Do binaries from this get source immediately?

Do I need to add it to bash profile to be sourced?

If I understand correctly, there are other places for binaries like:

  • /usr/bin
  • /bin
  • /usr/local/bin

Why so many?

  • 2
    Did you mean /home/username/bin (also written as $HOME/bin) instead of /home/bin?
    – marcelm
    May 14 at 16:20
  • I have too little quality points to post it as a comment, so: @Terrance has answered the question but the following link adds to the 'why so many' part: lists.busybox.net/pipermail/busybox/2010-December/074114.html tldr; there is no need for so many. They are leftovers from hardware limitations from half a century ago. May 15 at 0:57

2 Answers 2


The bin folders are used for executable programs.

Before Ubuntu 19.10 the folder of /bin itself was used for minimal functionality for the purposes of booting and repairing a system. The /usr/bin folder was used for most of the executable programs. Now /bin is symlinked to /usr/bin so they are now one and the same.

$ lsb_release -r
Release:    20.04
$ ls -al /
total 104
drwxr-xr-x  20 root root  4096 Apr 16 08:28 .
drwxr-xr-x  20 root root  4096 Apr 16 08:28 ..
lrwxrwxrwx   1 root root     7 Oct  2  2021 bin -> usr/bin
$ lsb_release -r
Release:    18.04
$ ls -al /
total 1459924
drwxr-xr-x  24 root root       4096 Feb 24 07:36 .
drwxr-xr-x  24 root root       4096 Feb 24 07:36 ..
drwxr-xr-x   2 root root       4096 Feb 24 07:11 bin

The /usr/local/bin is used for executable programs that are not managed by a distribution package.

The answer for your $HOME/bin folder is contained in the .profile in your home folder (/home/<user>/). It (.profile) is sourced automatically when you log in.
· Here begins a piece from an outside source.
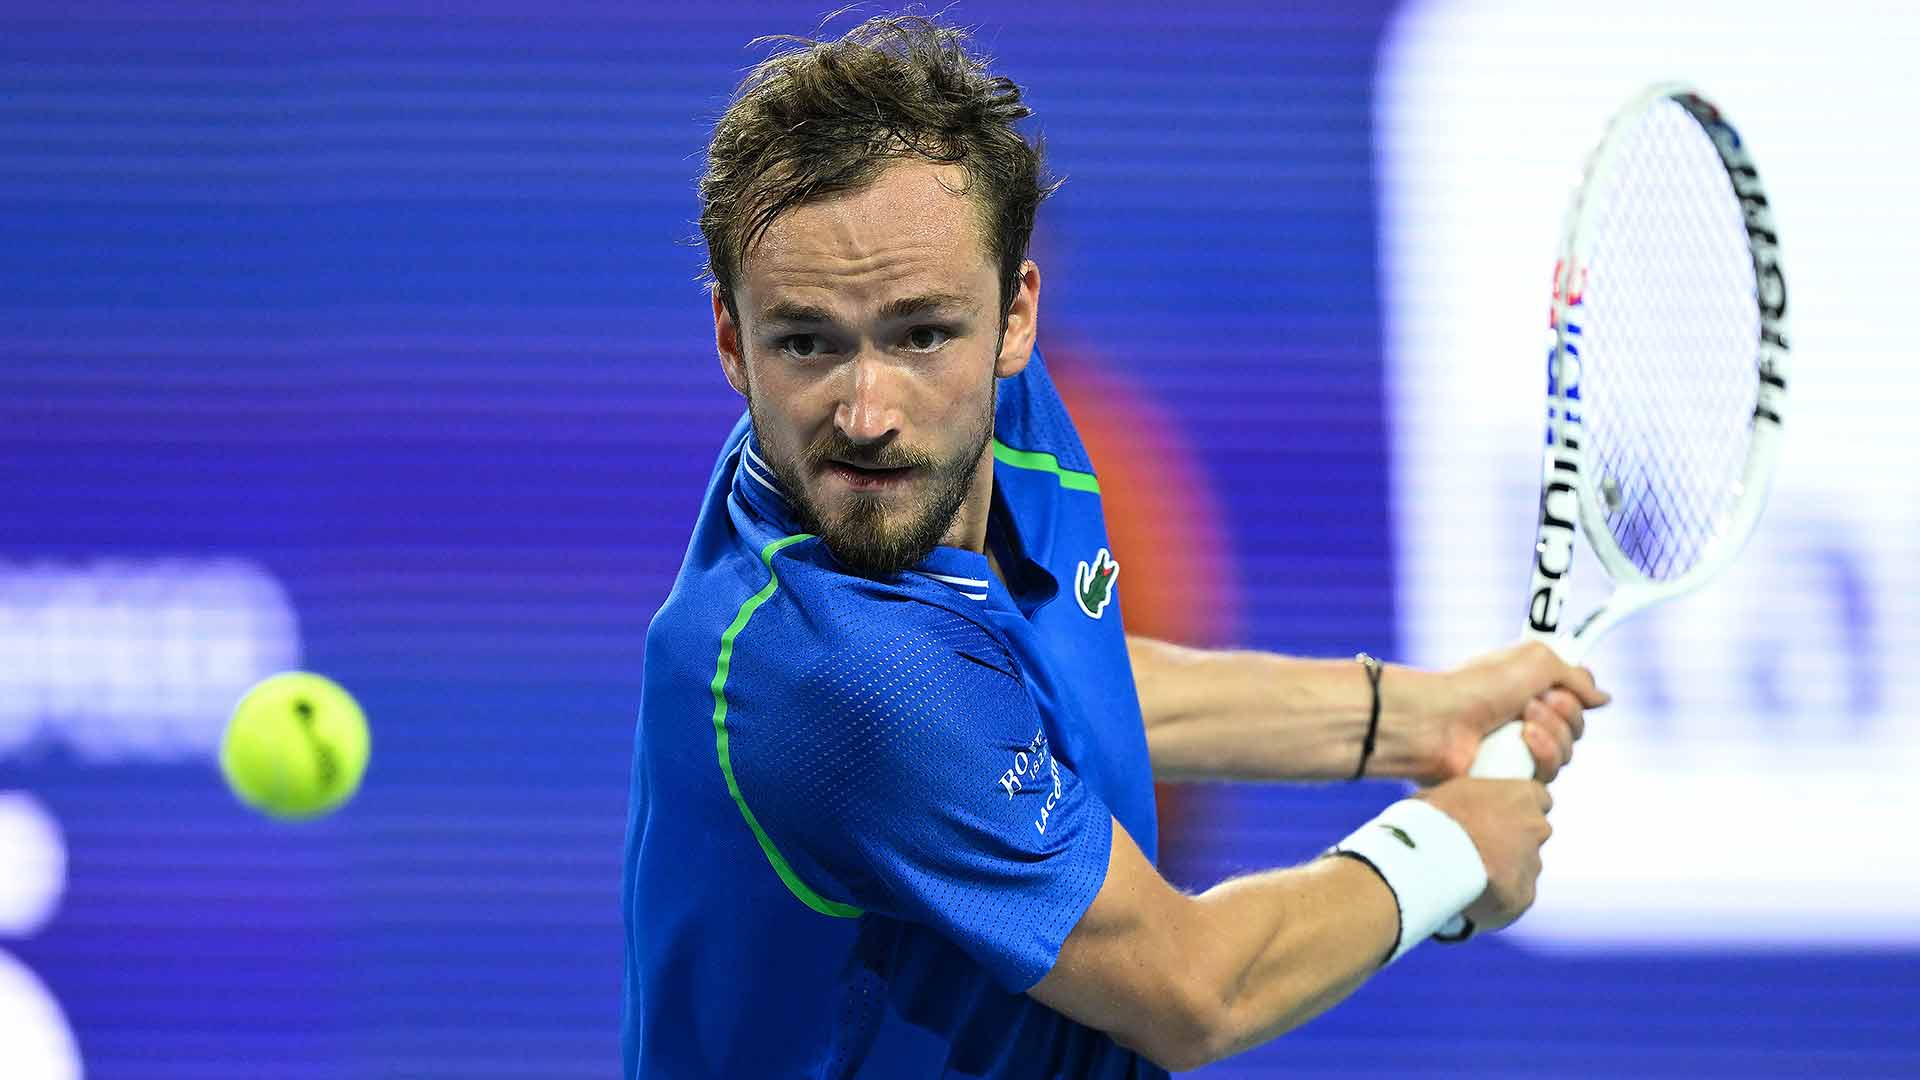 Daniil Medvedev has reached the final of all ATP Masters 1000 finals, with the exception of Miami.

Contained in the .profile file in your home folder are the following sections (It is all about preference):

# set PATH so it includes user's private bin if it exists
if [ -d "$HOME/bin" ] ; then

# set PATH so it includes user's private bin if it exists
if [ -d "$HOME/.local/bin" ] ; then

If either of those bin folders exist they are automatically added to the $PATH when the user logs into their account. It is used for the user's own private executable programs and scripts. They are primarily used for the user or owner of those folders, keeping them private from other users.

  • 2
    Just to add to this, because the directory is automatically added to the PATH when you log in, if and only if it exists, it is not immediately added when the directory is initially created. So you have to log out and log back in after this directory is initially created.
    – mchid
    May 14 at 4:41
  • 1
    Nothing there seems to indicate that scripts in the directory are sourced when you log in (which I wouldn't expect). You might also want to note that you are discussing /home/<user>/bin, not /home/bin as in the question. May 14 at 14:12
  • 1
    If your ubuntu was installed as 19.04 or later, /usr and /usr/bin are symlinked by default, so there is no difference between them: reddit.com/r/linux/comments/9x3f0k/… May 14 at 22:35
  • @user1937198 Good point. Updated answer. =)
    – Terrance
    May 14 at 23:28
  • ~/.profile gets sourced by the shell. This is compiled into the shell program. Different shells look for other default files, so this answer assumes sh, bash, or a compatible shell of that type.
    – JohnP
    May 16 at 21:24

Linux systems are multiuser, even if there is only 1 person using the system. That's worth remembering.

  • /bin was for programs necessary in a minimal environment, no GUI.
  • /usr/bin is for optional programs, but commonly used programs with or without a GUI.
  • /usr/local/bin is for programs that aren't managed by the package manager. This would typically be scripts or custom code or custom compiled code for all users of the system to have access
  • ~/bin/ is for scripts, code, custom code that are for a single user, not everyone. It is also a place that a user can put any code they like if the system admin refuses to install a package or install a non-packaged program into /usr/local.

The major Linux distros follow (mostly) the Linux File System Hierarchy Standards document. A summary of what each directory is for can be found in the wikipedia article by that name. https://en.wikipedia.org/wiki/Filesystem_Hierarchy_Standard It closely follows the UNIX File System Hierarchy Standards that has been around 30+ yrs. I don't know if UNIX standards are truly standard, but they all seem to be very similar.

The only place that I see where those standards are violated on Ubuntu (and some other distros) is related to /media/ and where ever snap packages go. But that's a different question.